Presentations, posters, findings and all the confusion

This leads me to another unconventional organizational decision: every paper that was presented orally also had a poster presentation slot. This happened to be my case as well. I’m still not fully certain what I think of it: I’m not complaining about the extra opportunity to advertise my work, but it is extra work (both ahead of and during the conference). It’s also somewhat unfair that some of the presenters didn’t get the opportunity–and all the more jarring when it comes to Findings papers: Officially, Findings are works that are good enough but for which there’s not extra space in the conference itself, and yet organizers did manage to double-book quite a number of papers in the main conference. This means we have a tiered acceptance system: some of us got two presentation slots, some of us only got a poster, and some of us (Findings authors) only got virtual presentations. In and of itself, that’s not necessarily a bad thing, but I’m uncomfortable with this tiered system being left as implicit. Let’s hope that future editions of EACL and *ACL conferences will be more transparent on that front.

Where is NLP as a field and EACL as a conference?

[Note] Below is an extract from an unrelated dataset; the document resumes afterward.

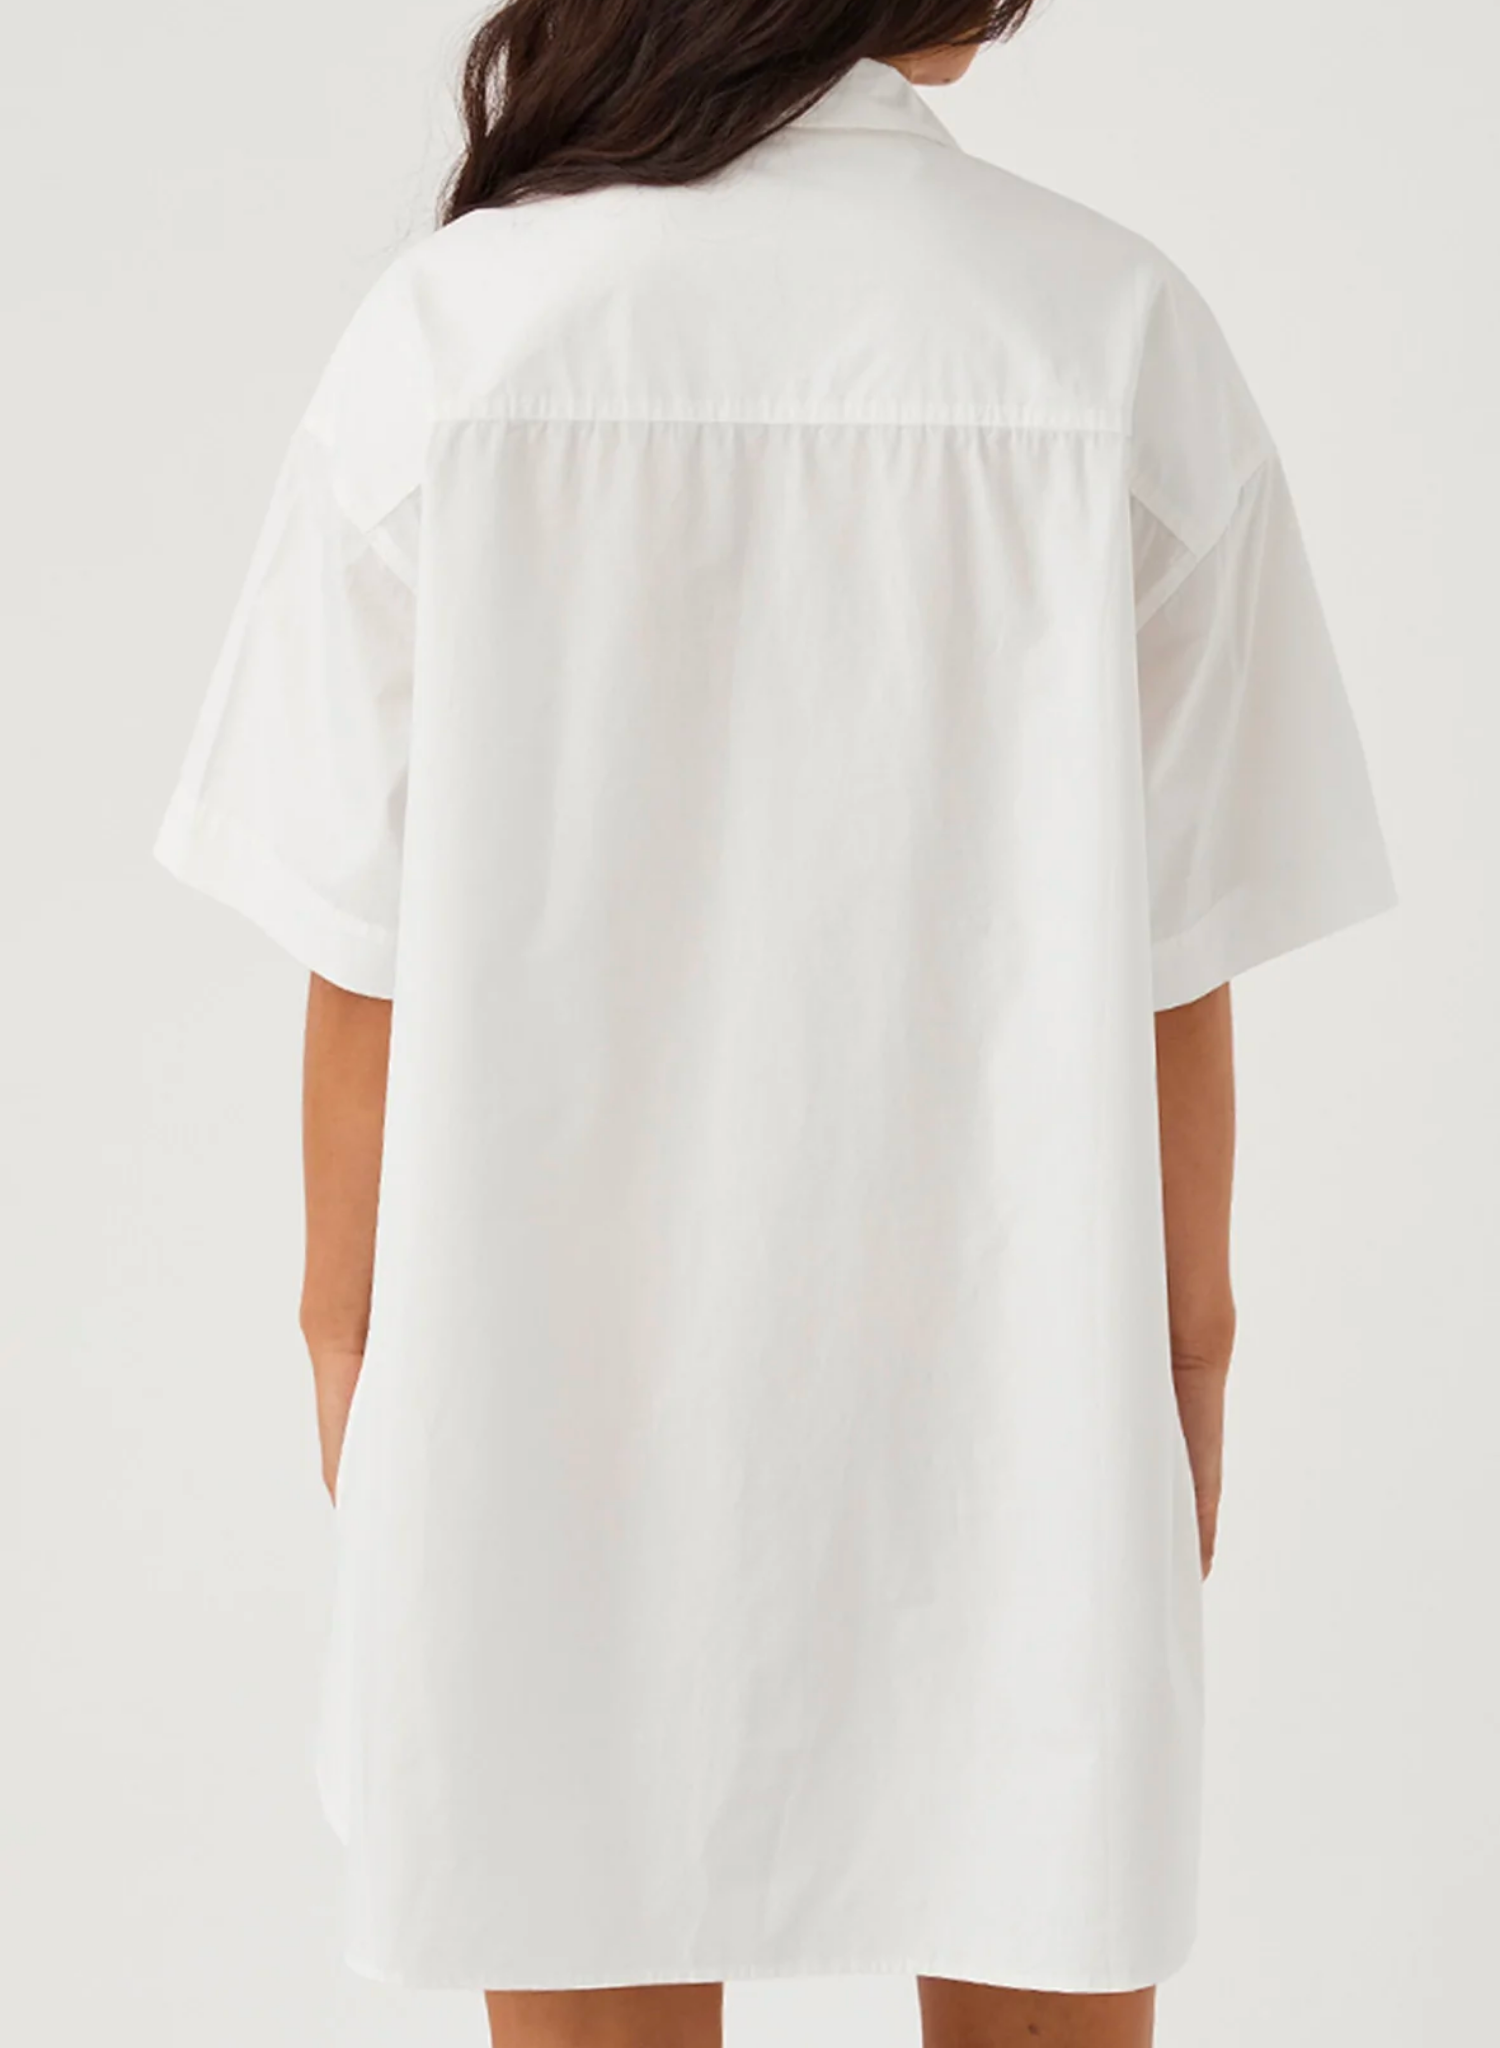 Button Down Front Front Pockets Short Sleeve Oversized Shirt Dress Mid Thigh Length Premium Poplin Fabric Ethically produced Free of harmful chemicals: OEKO-TEX Standard 100 100%  GOTS Certified Organic Cotton

The last point I’d like to mention comes from the opening session. As it turns out, most submissions to the European chapter of the association for computational linguistics did not come from Europe (with a good third of submissions stemming from the USA), and very few actually focused on linguistics. Most works submitted focused more on engineering, processing and dataset description rather than syntax, semantics or phonology modeling. While this state of affairs begs the question of what is EACL precisely, it also highlights how things have changed across the last few years: NLP has become a more international and engineering focused field of research. Despite these changes, it’s good to see that the community remains very directly involved in deciding where it is going–be it local volunteers in Dubrovnik picking up the ball at the last minute to ensure that EACL would not be an online-only event, or attendees openly discussing whether the current conference practices we have are a good fit for the community.